The juvenile form of the bird is similar in coloring to the adult; however it does have barring on its under-parts and also on its wings with a cinnamon tinge to them.

==Range and habitat==
Its range is extreme northern coastal Ecuador north into coastal Colombia, as far north as Utria National Park (Bahia de Capica). This tinamou lives in lowland moist forest in sub-tropical to tropical regions, and will also choose to live in a mature secondary forest. It has also proven that it can survive in forests that have been logged. In Colombia it will choose the coastal lowlands and hills up to 500 m, although it has been found as high as 900 m.

The only 2 documented sightings are at Playa de oro reserva de los tigrillos, which is in Ecuador about 20 km north of Cotacachi Cayapas Ecological Reserve and at Milipe Bird Sanctuary about 15 km west of Maquipucuna, also in Ecuador.

==Behavior==
The Berlepsch's tinamou is considered a sedentary bird.

===Feeding===
There is little species specific information on Berlepsch's tinamou, so scientists believe that like other members of Crypturellus its diet focus is on fleshy fruit, which it prefers to eat off the ground, but will pick it off lower hanging branches. Like other tinamous, the Berlepsch's also eat small amounts of invertebrates, flower buds, tender leaves, seeds, and roots.

===Breeding===
They breed in February in Colombia. As a forest species, they would choose the months of plentiful food and that would mean the summer.
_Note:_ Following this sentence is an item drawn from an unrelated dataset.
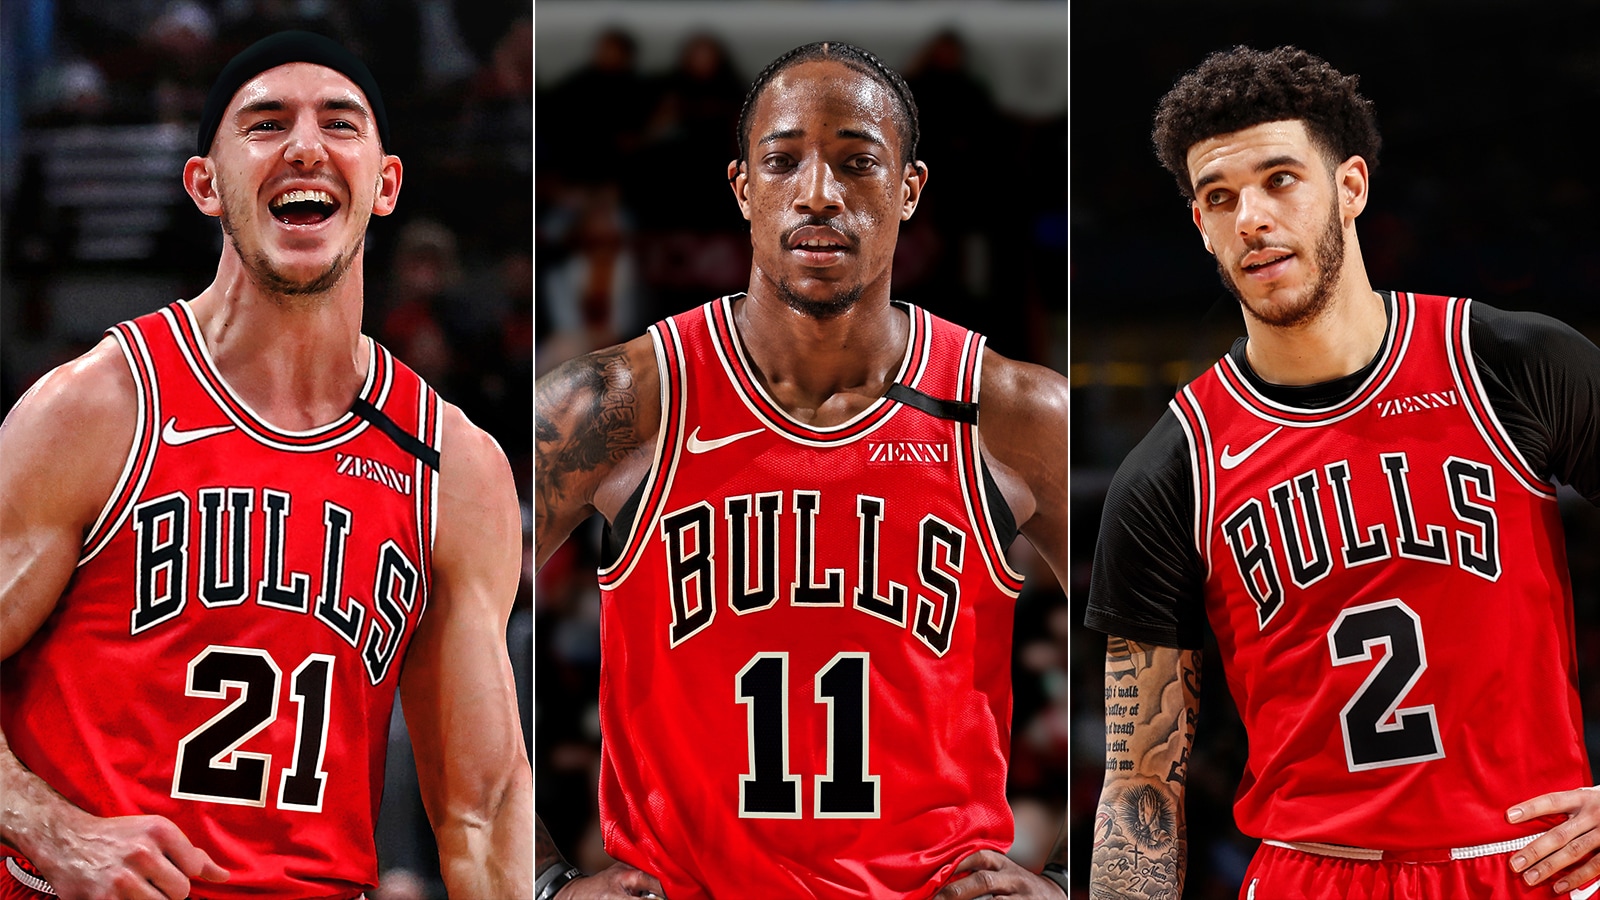 A new era of Bulls basketball: DeMar DeRozan, Lonzo Ball, and Alex Caruso join Chicago

The male, like other tinamou, incubates the eggs which may come from as many as 4 different females, and then will raise them until they are ready to be on their own, usually 2–3 weeks. The nest is located on the ground in dense brush or between raised root buttresses. The egg is oblong and pale greenish in colour.

==Conservation==
The IUCN classifies the Berlepshch's tinamou as Least Concern, and it has an occurrence range of 104000 km2.